That I’ve been thinking of recovering these seats for about 20 years means that I’ve had a lot of time to think about what I’d like to have for the finished product. However, nothing ever caught my fancy sufficiently enough to get me going.

That changed when I decided I needed to cover my new work area. The work surface is MDF and could be painted, but not until we have a really nice, long, dry, day so I can do it outside. That won’t be until May if past experience is anything to go by. I needed something durable, water resistant, and nice enough to make it a pleasure to see, and I needed it now.

In sorting through the many boxes of stuff I had collected and stored over 39 years and then shipped to Ireland, I found about 3 yards of oilcloth in a Newgrange triple spiral inspired design I bought some time in the mid-1980s. I remember buying it in Ireland for our family kitchen table, an oak trestle table made by Colleen Miller (of Montana) that could comfortably seat a crowd. With four kids, it needed a bit of protection. However, as is often the case with material I buy, it was stored away and never used—but it was perfect! I measured off the length I needed and I had some left over. And, there, just below the work area was my grandmother’s sewing stool.

I set to work on cutting a piece of the oilcloth, pressed out the wrinkles and folds and went to work with the staple gun and voilà! A lovely rebirth of a family heirloom.

Carried on by waves of excitement and the thrill of having achieved something on this gray, dull, rainy day, I looked at the little chair with its bilious seat cushion.
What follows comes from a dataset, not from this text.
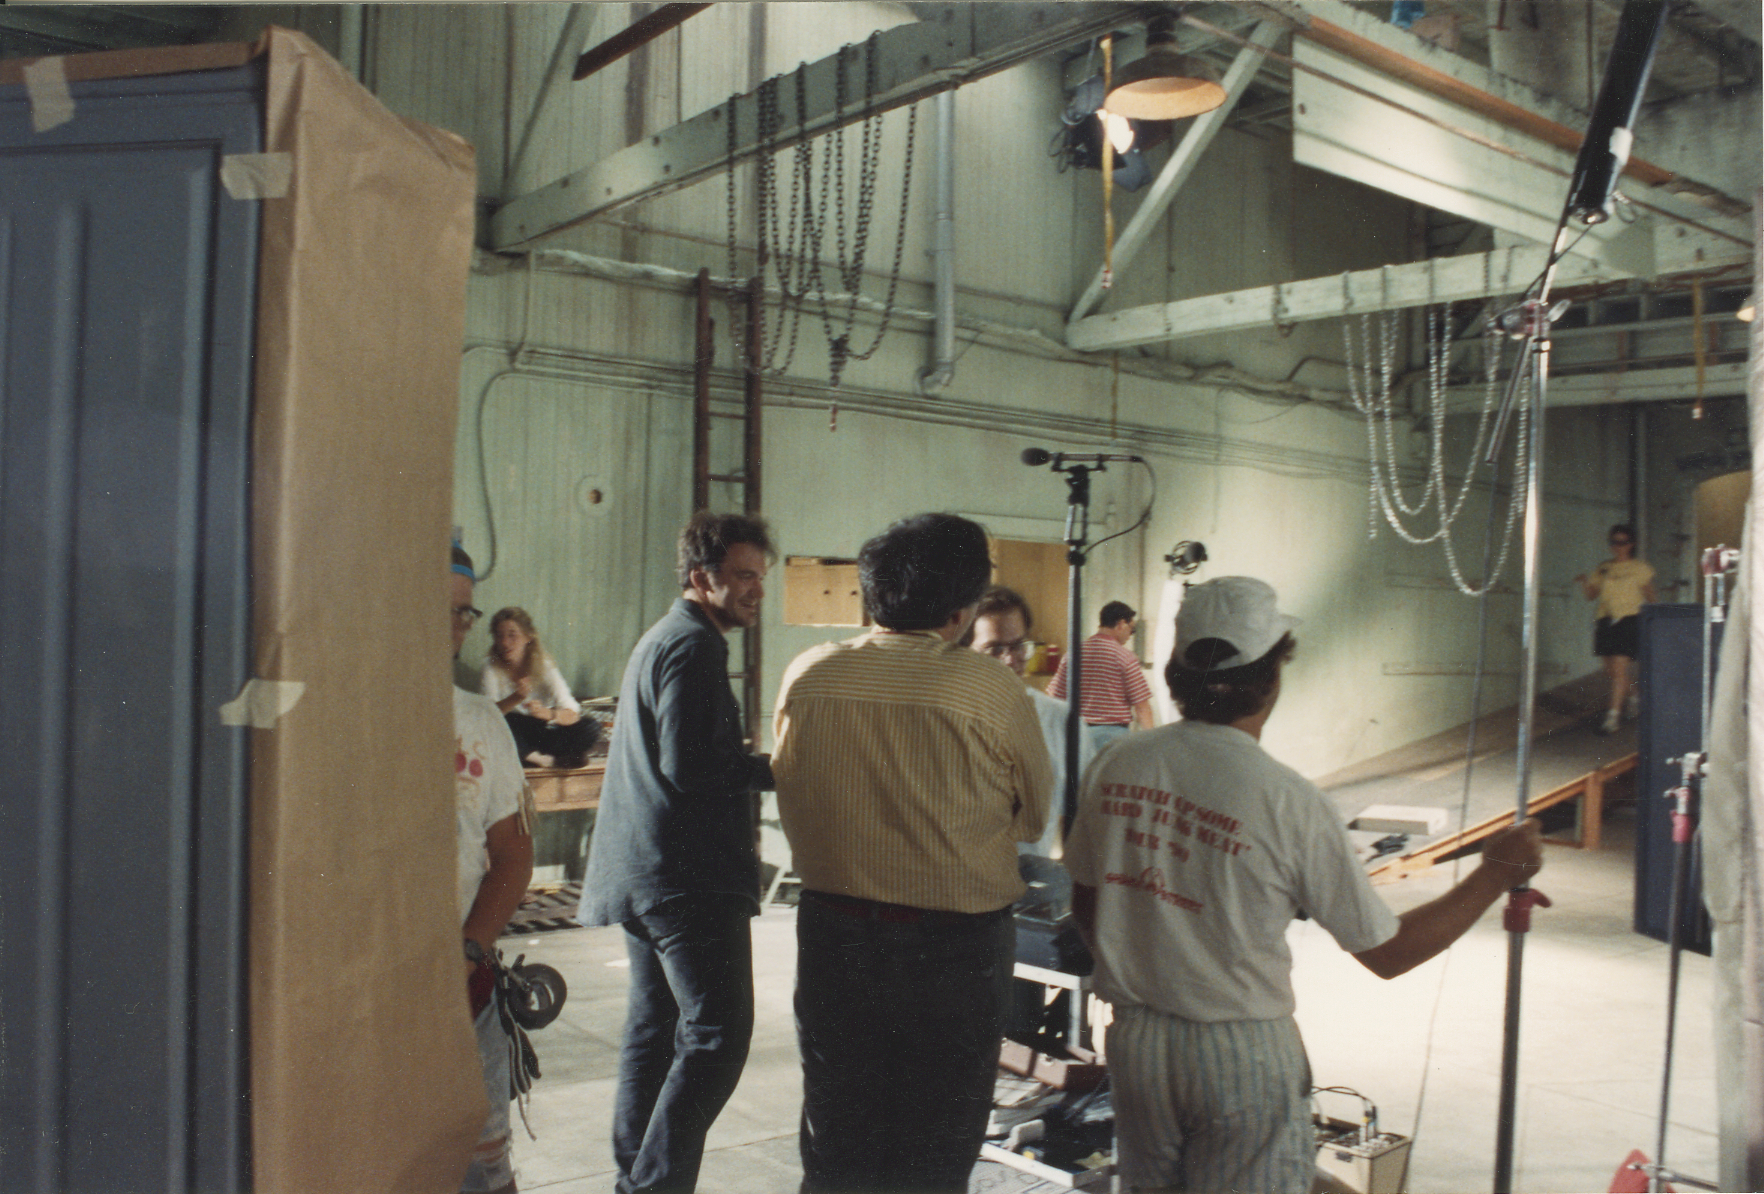 Quentin Tarantino in Reservoir Dogs (1992)

Years and years ago, I had a book of oriental carpet patterns for needlepoint. (I would love to find it now but I fear it has gone missing in all the moves.) I remember doing a motif in needlepoint for a pillow that, while the tapestry piece itself was finished, the pillow never got made. I found the tapestry in a UFO (Unfinished Objects) box with a few other needlepoint and cross stitch projects that also were awaiting finishing touches (my personal “Isle of Misfit Toys”.) It comes as no surprise to my family that the needlework itself is where I get my pleasure—more than a few projects are to be found in that box. The pillow tapestry was just the right size for the chair cushion. Sometimes things just fall into place.

The piece needed work. It was all askew and had to be blocked so that it would lie straight. I thought it would take days. I would need some kind of board I could pin it to. I would have to wet it and stretch it, and what if the colors ran!?! And then I thought of my trusty steam cleaner… and didn’t I have an extra IKEA shelf that would be about the right size? And some of those map pins that I use for sticking up all kinds of thing? Usually, any one of these things would be a set back—a barrier to getting something done when I actually felt like doing it. But today, it seemed as if I was meant to get this done. The shelf was just the right size, the steamer worked a treat and, before the steamed, straightened piece of tapestry was dry, I was able to stretch it over the seat cushion and staple it into place!  I am so pleased with the result—20 or 30 years in the making.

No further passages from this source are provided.